Skip the Stones, go to Vegas

  

January 25, 2006

BY JIM DeROGATIS POP MUSIC CRITIC

Out of curiosity, I consulted an online travel service Tuesday. You and a loved one could take advantage of numerous package deals this Friday through Sunday, luxuriating at one of several four-star hotels in Las Vegas. Total cost for airfare and two nights at the Mandalay Bay Resort and Casino: $1,276.38; the MGM Grand: $1,229.25; the Hilton Las Vegas: $1,060.97.

Alternately, you could go to see the Rolling Stones tonight at the United Center during the second evening of their second lap through town on the Bigger Bang Tour; there are still plenty of seats available in the first tier off the floor.
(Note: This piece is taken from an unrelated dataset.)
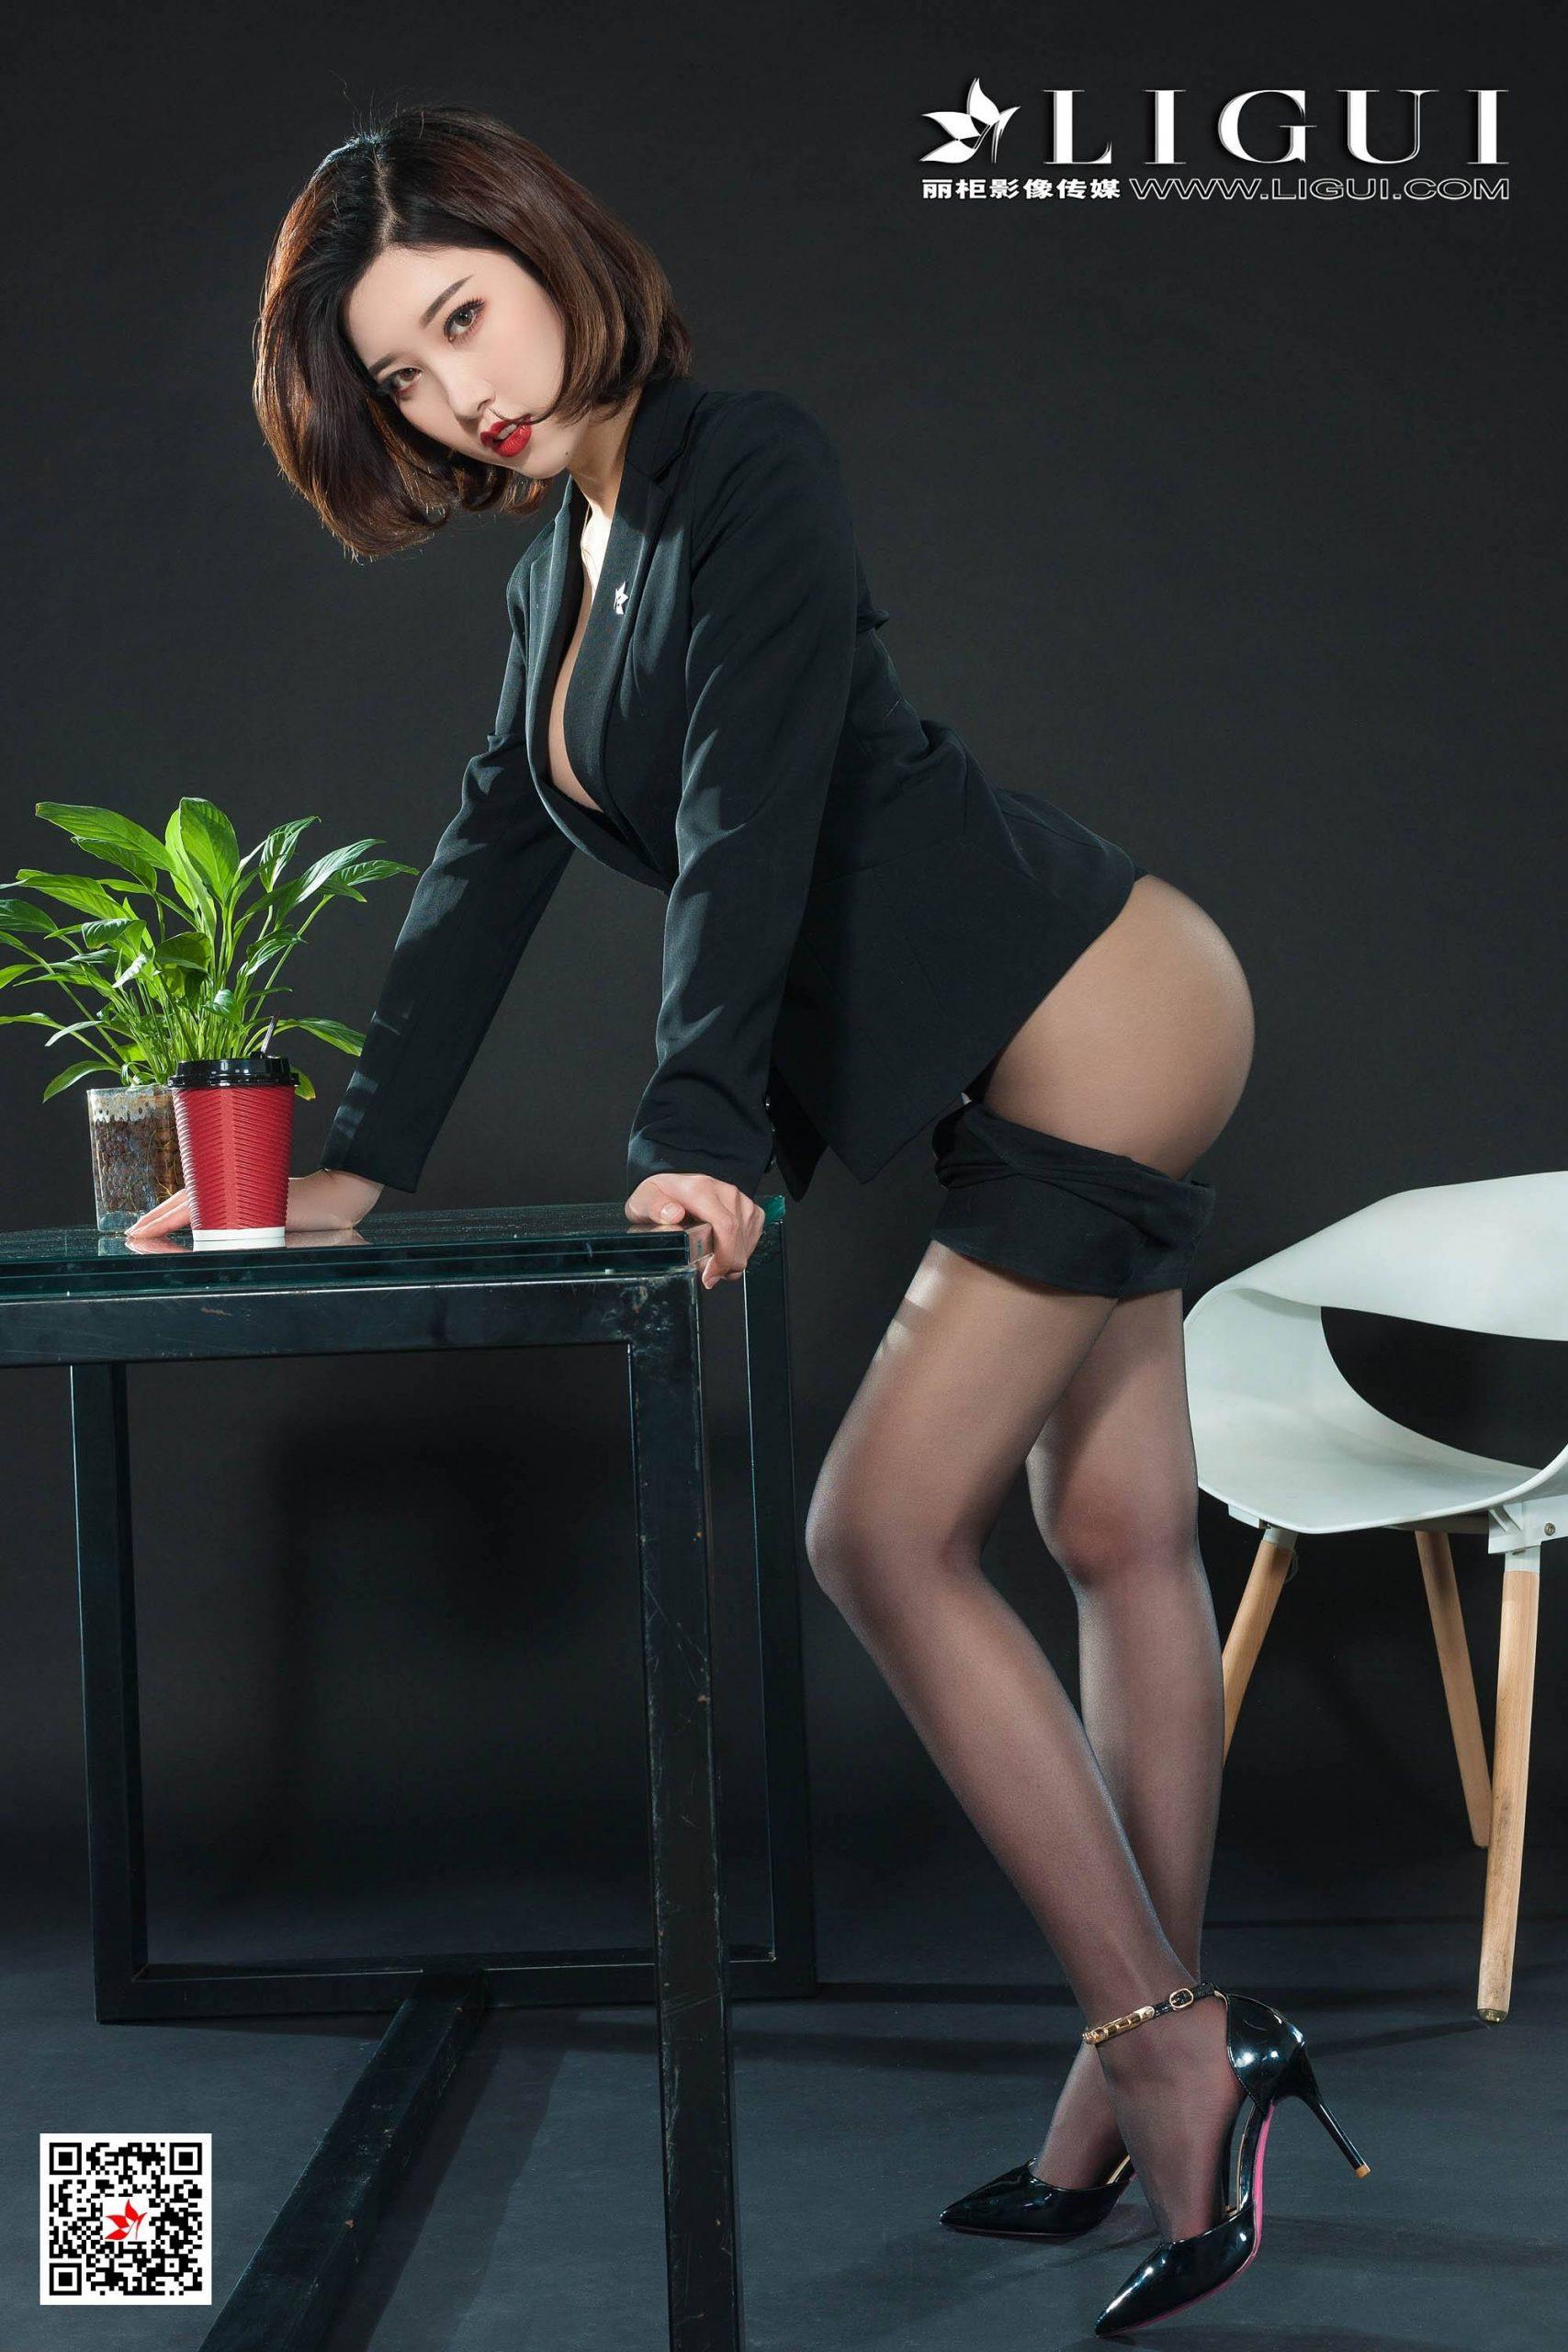 丽柜LIGUI第一美女筱筱写真+与雪糕直播

Total cost for two tickets, with Ticketmaster service charges and parking: $961.50.

That's 48 hours of fun in the now-Disneyfied Sin City for a little more cash than an hour and a half with the Stones. Granted, it will cost you some extra coin to see top-dollar Vegas entertainers like Elton John and Celine Dion. But there are plenty of free shows at clubs on the Strip, including a nostalgia revue called "Sixties Mania."

And a nostalgia revue was all that the Stones delivered at the United Center on Monday.

To be clear, the Stones weren't bad this time through. I would have welcomed bad, and absolutely embraced awful. A set that was sloppy or ragged might have been evidence that the musicians were improvising or trying some less familiar tunes, sweating and interacting with one another while reacting to their audience in the here and now.

The Stones were something worse. Mick Jagger, Keith Richards, Ron Wood, Charlie Watts and the hired help were proficient. Slick, well-oiled, streamlined and smoothly gliding on autopilot, they may as well have been pre-programmed animatronic dummies or holograms. Plug 'em in, hit play and watch 'em deliver "Jumping Jack Flash" for the 49th time this tour and the umpteenth time in their 44-year career. Whee!

The only indication that the band was aware of the current year came during the final tune of its 20-song performance, the obligatory set-closing "Satisfaction," which included a snippet of "Mustang Sally" in homage to the recently deceased Wilson Pickett. Otherwise, this was once again the lowest-common-denominator, ultra-predictable greatest-hits show, plus a few lackluster versions of the mediocre tunes from the last album, "A Bigger Bang."

There was still no "Sweet Neo Con," though, and don't expect to hear that one when the band plays the Super Bowl, either. The group's recent Bush-bashing anti-war ditty could offend somebody, somewhere, sometime, and rock's onetime baddest of the bad boys would never want to do that now. No, they are all about giving the people what they allegedly want.

That's the group's rationale for sticking to the same tired arena anthems: People expect to hear "It's Only Rock and Roll," "Start Me Up" and "Honky Tonk Women." Which people? Why, the most casual of Stones fans, the folks who own "Hot Rocks" but nothing else, and who just want to see these rock icons once before one of them dies.

In 2005 the band grossed more than any other touring group -- almost $168 million -- playing to these people in the stadiums on the first leg of the Bigger Bang Tour.

But the Stones have one of the richest catalogs in rock history, and even if we accept that they must pander in the stadiums, this was their second visit to this market, and they were playing a more intimate venue -- if you can call a place with 25,000 seats intimate. Nevertheless, they coasted through 11 of the same songs they gave us at the 61,500-seat Soldier Field last September, with only one surprise -- a tender reading of "As Tears Go By" powered by Richards' acoustic 12-string -- among the nine "new" songs.

Is it really too much to ask that, for these prices, the Stones play a show for their most devoted fans, those of us who've burned through three or four copies of "Exile on Main Street" and "Let It Bleed" and seen them do this or a very similar set a dozen times before? To challenge themselves and their listeners just a bit with the sort of surprises they unleashed and the risks they took at the 4,800-seat Aragon in September 2002?

Some folks think that's an unreasonable request, and I argued with one of them Tuesday morning during a call-in radio show. A diehard Stones fan, Camille from Schaumburg, said she's seen the band 90 times and listed "Exile" as her favorite album ever. Though she would welcome a richer set list, she still loves this band, and she begged me not to use the word "pathetic" to describe it in this review.

OK, Camille: The Stones weren't pathetic. We fans were, for allowing this once-great group to go through the motions with a glitzy Vegas road show instead of making it clear that we expect more for ticket prices nearing the amount of a mortgage payment. But maybe, just maybe, some of us are starting to get frustrated with such mediocrity.